►
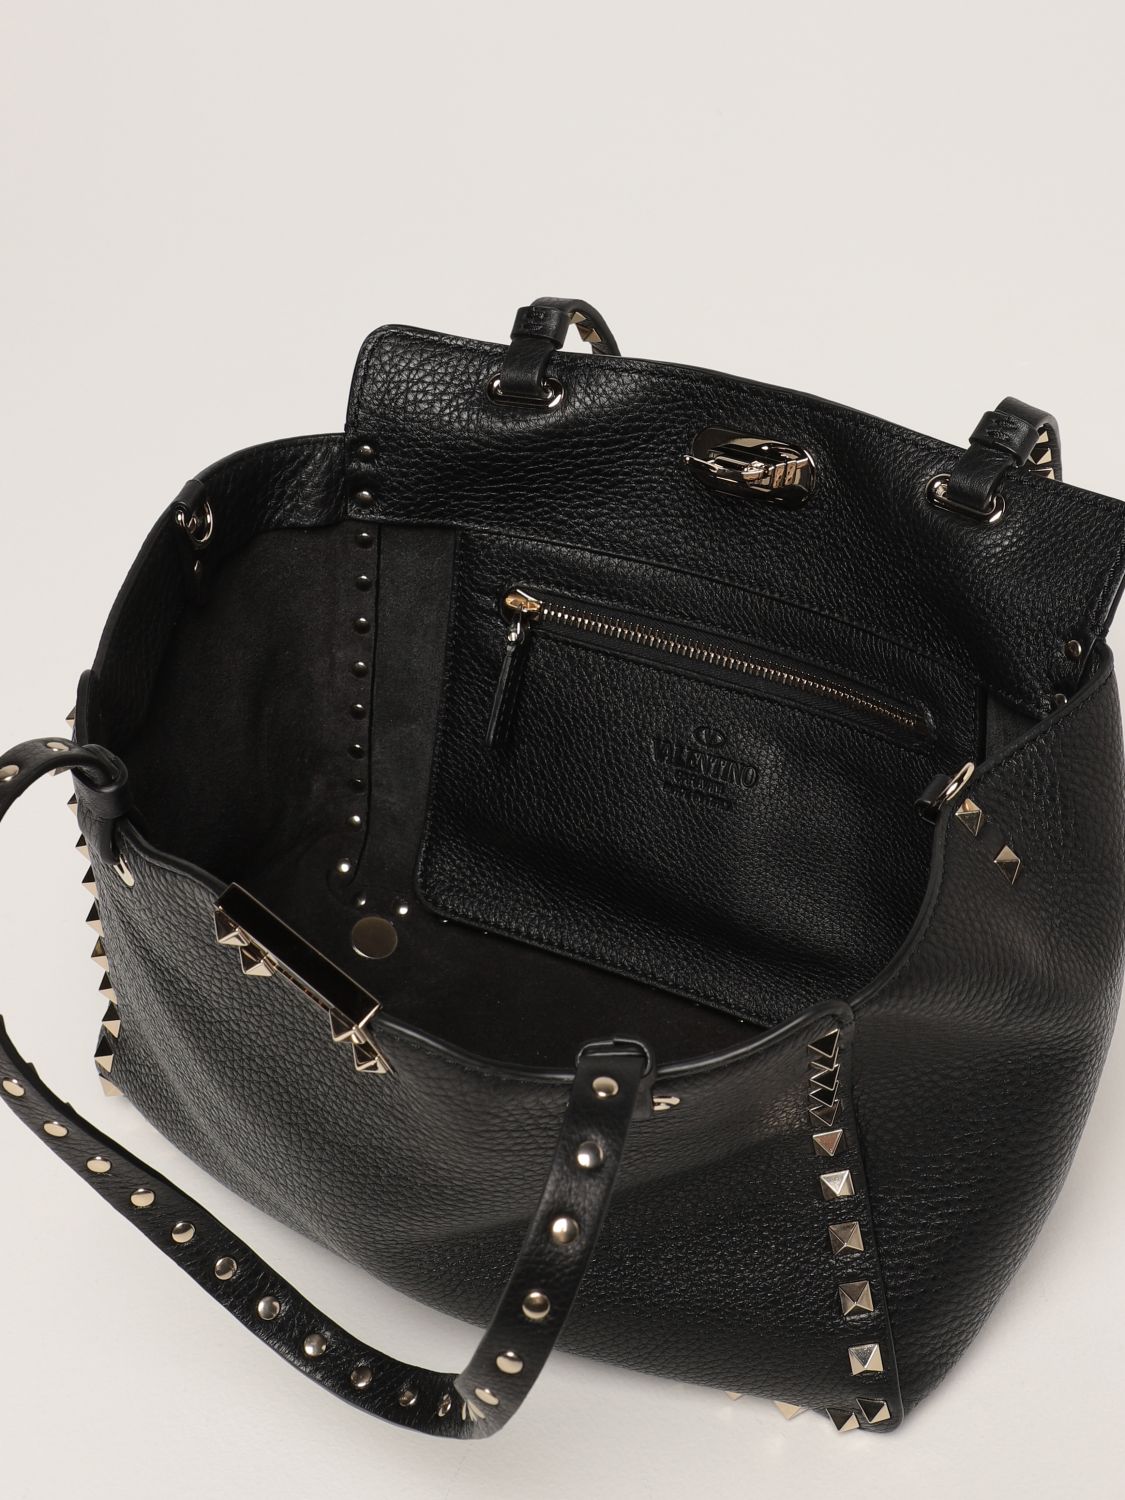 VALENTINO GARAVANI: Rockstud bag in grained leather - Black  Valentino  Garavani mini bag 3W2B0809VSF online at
◄
►
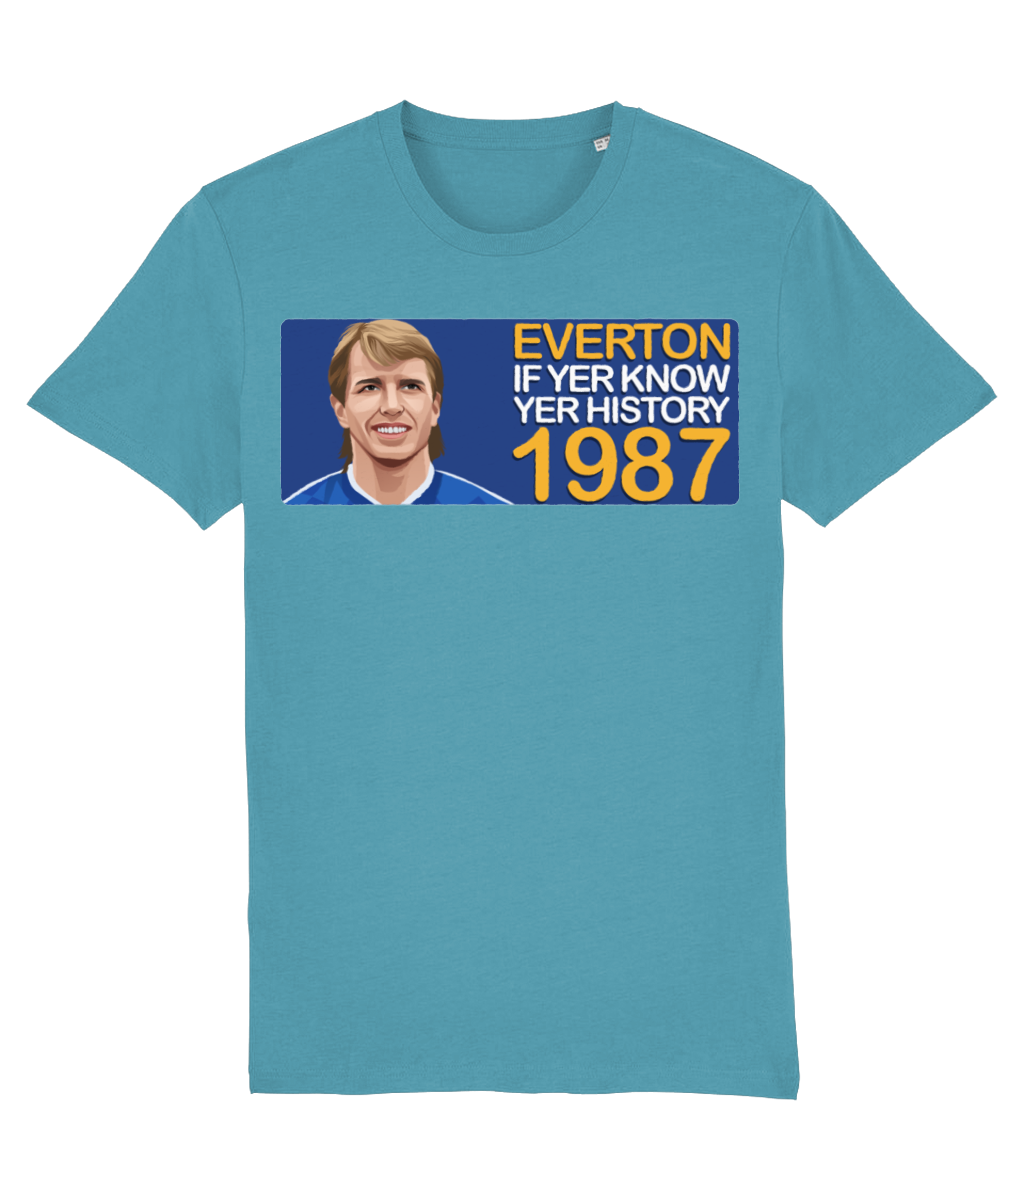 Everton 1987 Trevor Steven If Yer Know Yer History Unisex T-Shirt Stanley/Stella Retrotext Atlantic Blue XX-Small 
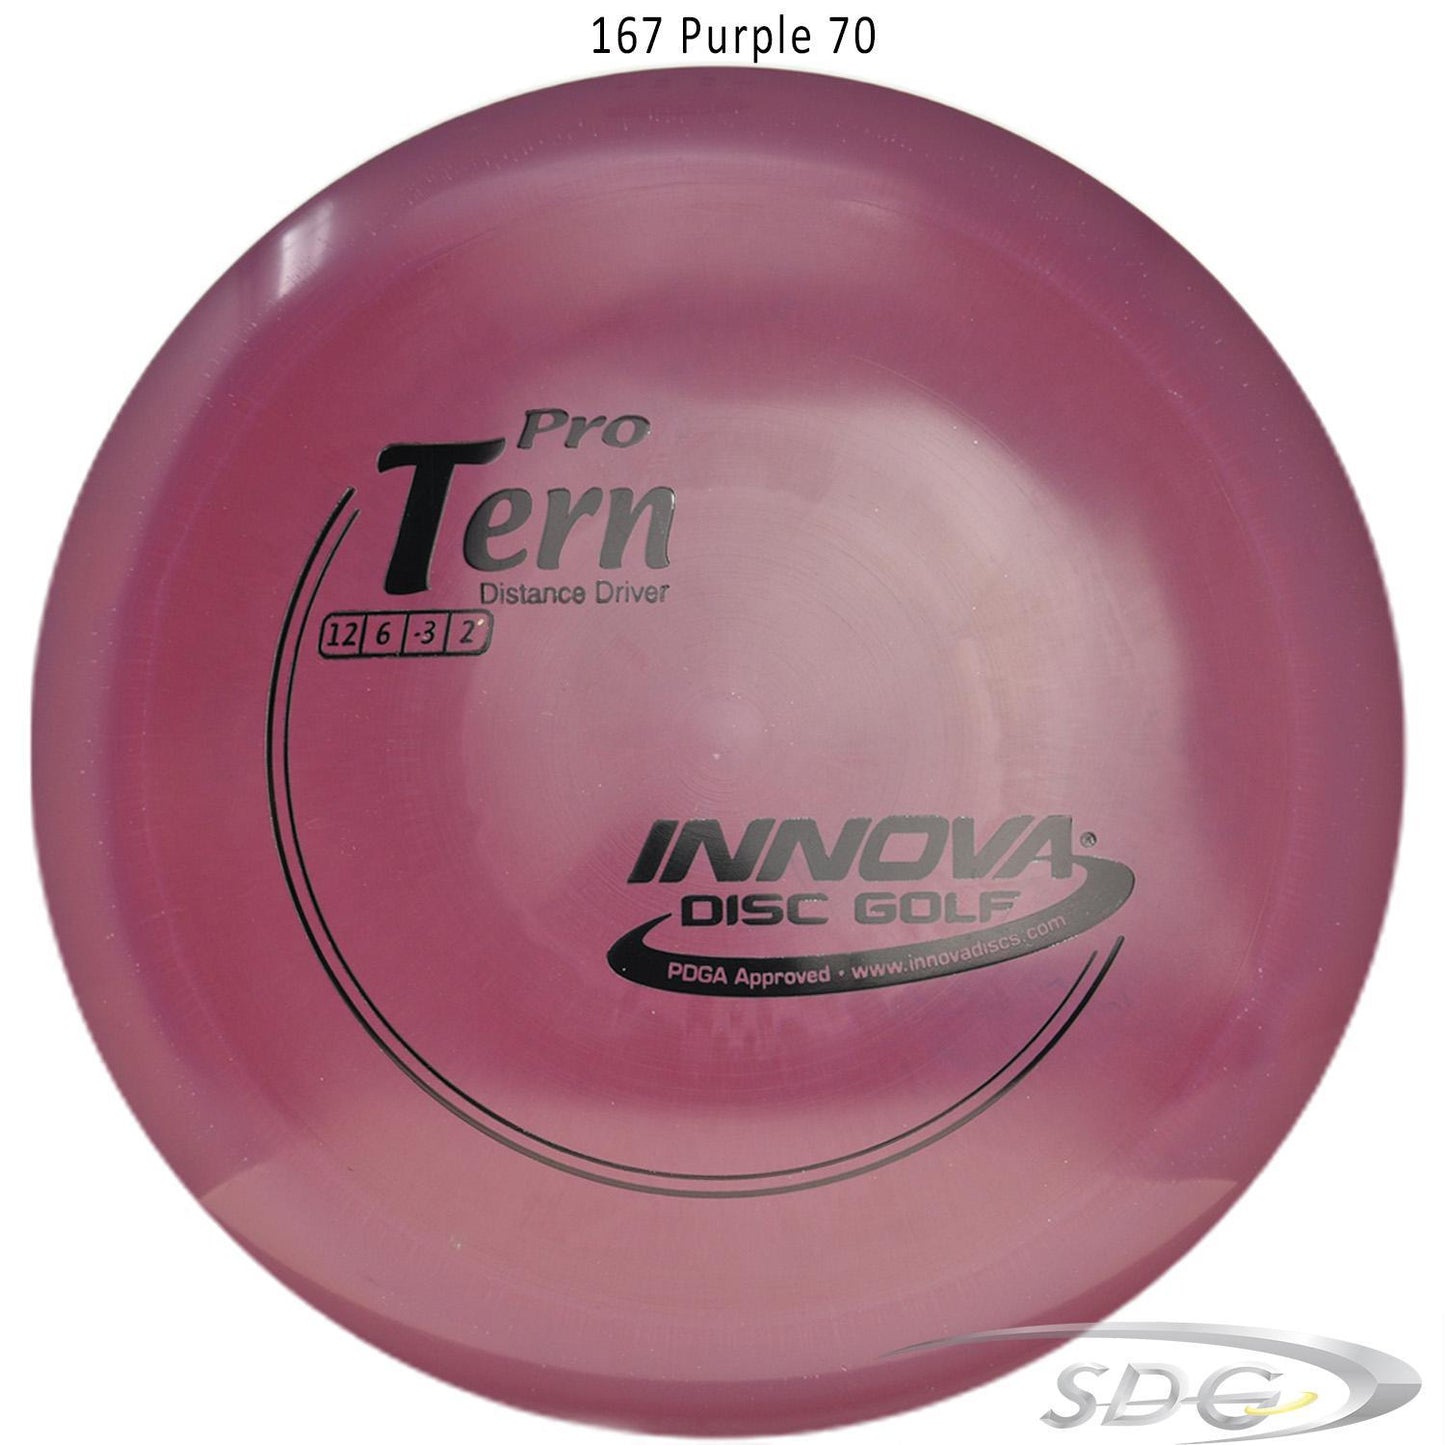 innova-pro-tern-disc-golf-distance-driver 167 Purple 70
◄
►
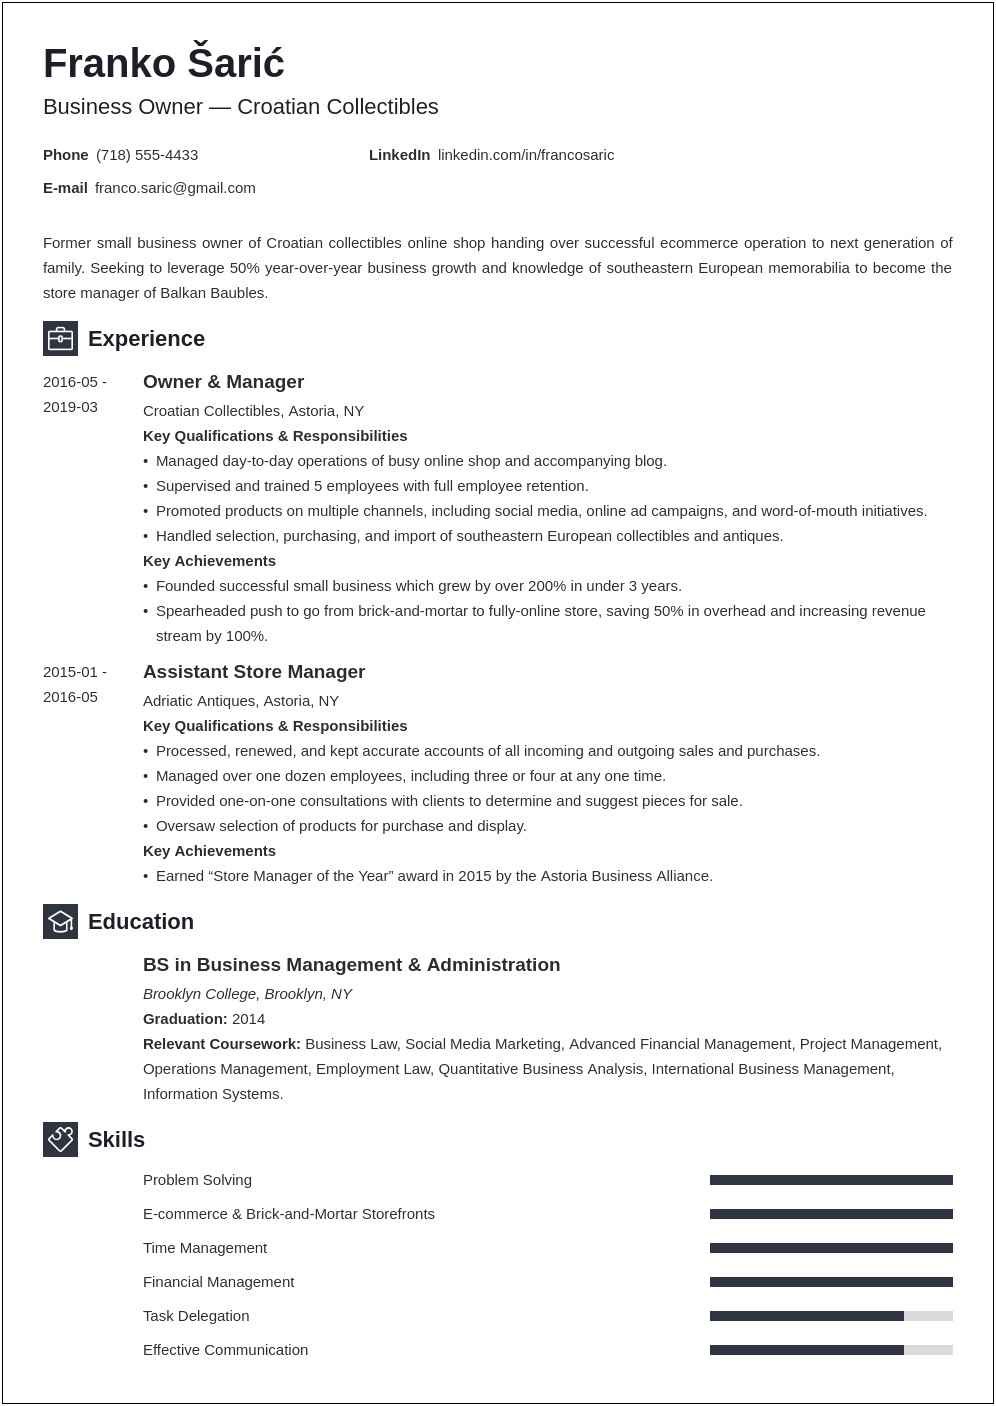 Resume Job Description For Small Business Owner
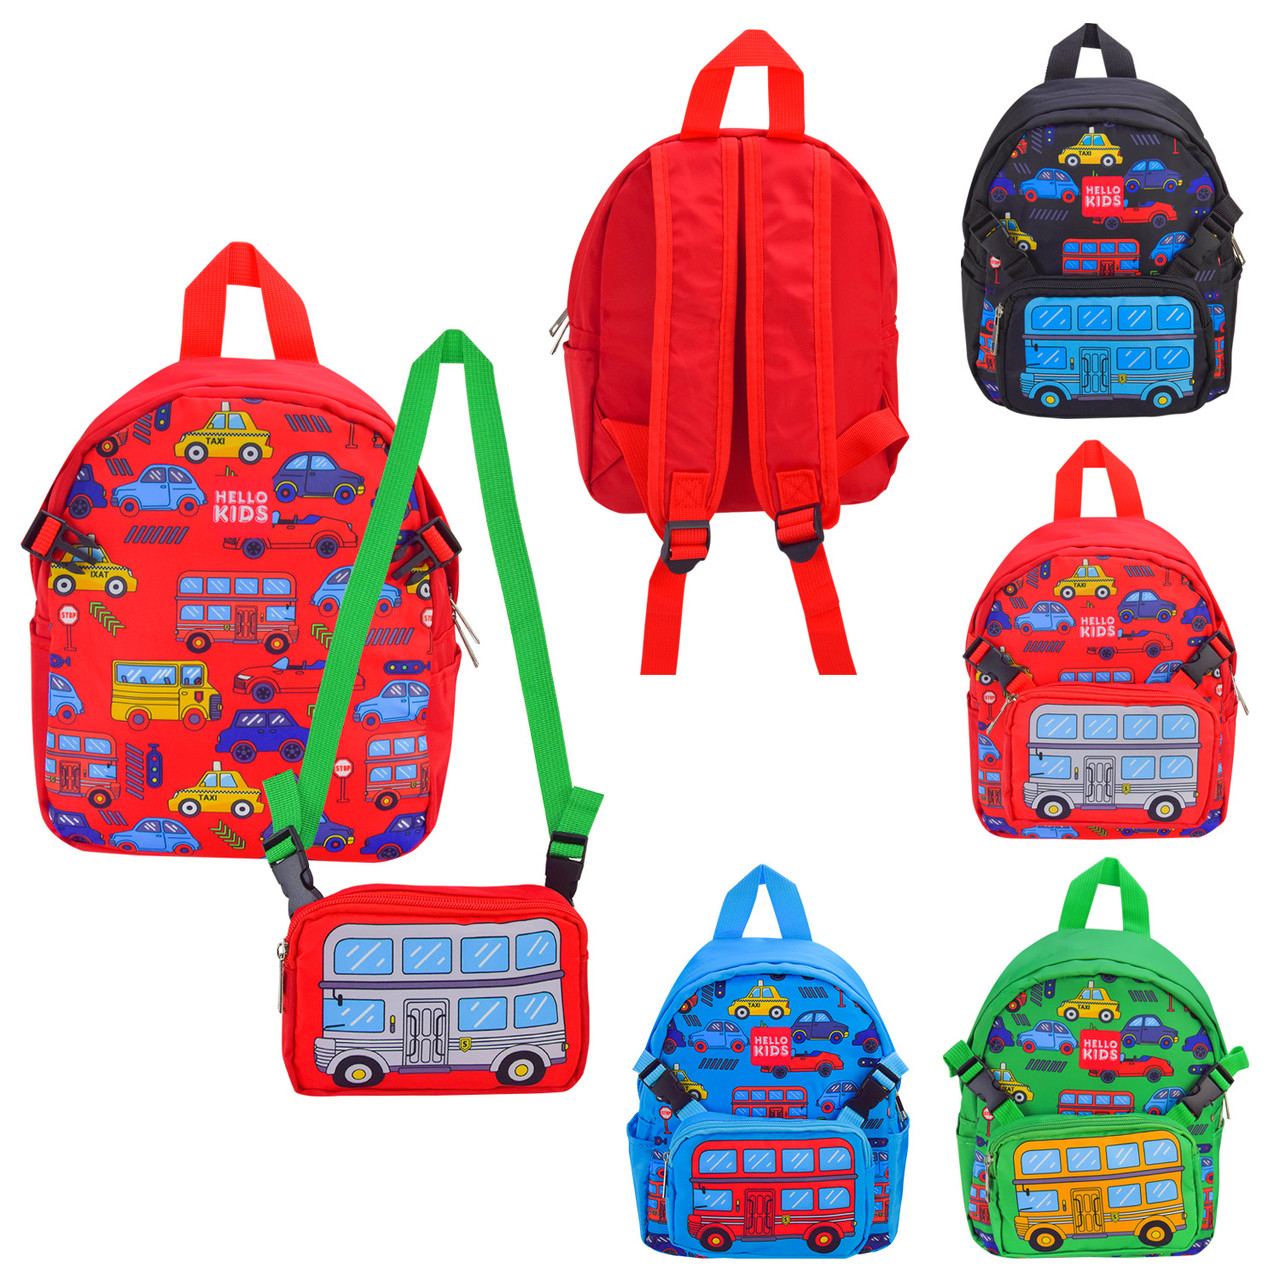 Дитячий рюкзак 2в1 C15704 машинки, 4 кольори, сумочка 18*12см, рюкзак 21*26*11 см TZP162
◄
REQUIREMENT:
Both the line containing "Resume Job Description" and the line containing "Дитячий рюкзак 2в1" above belong in the output, as do the lines between them. Print them exactly, without pictures.

PROBLEM SOLUTION:
 Resume Job Description For Small Business Owner
 Дитячий рюкзак 2в1 C15704 машинки, 4 кольори, сумочка 18*12см, рюкзак 21*26*11 см TZP162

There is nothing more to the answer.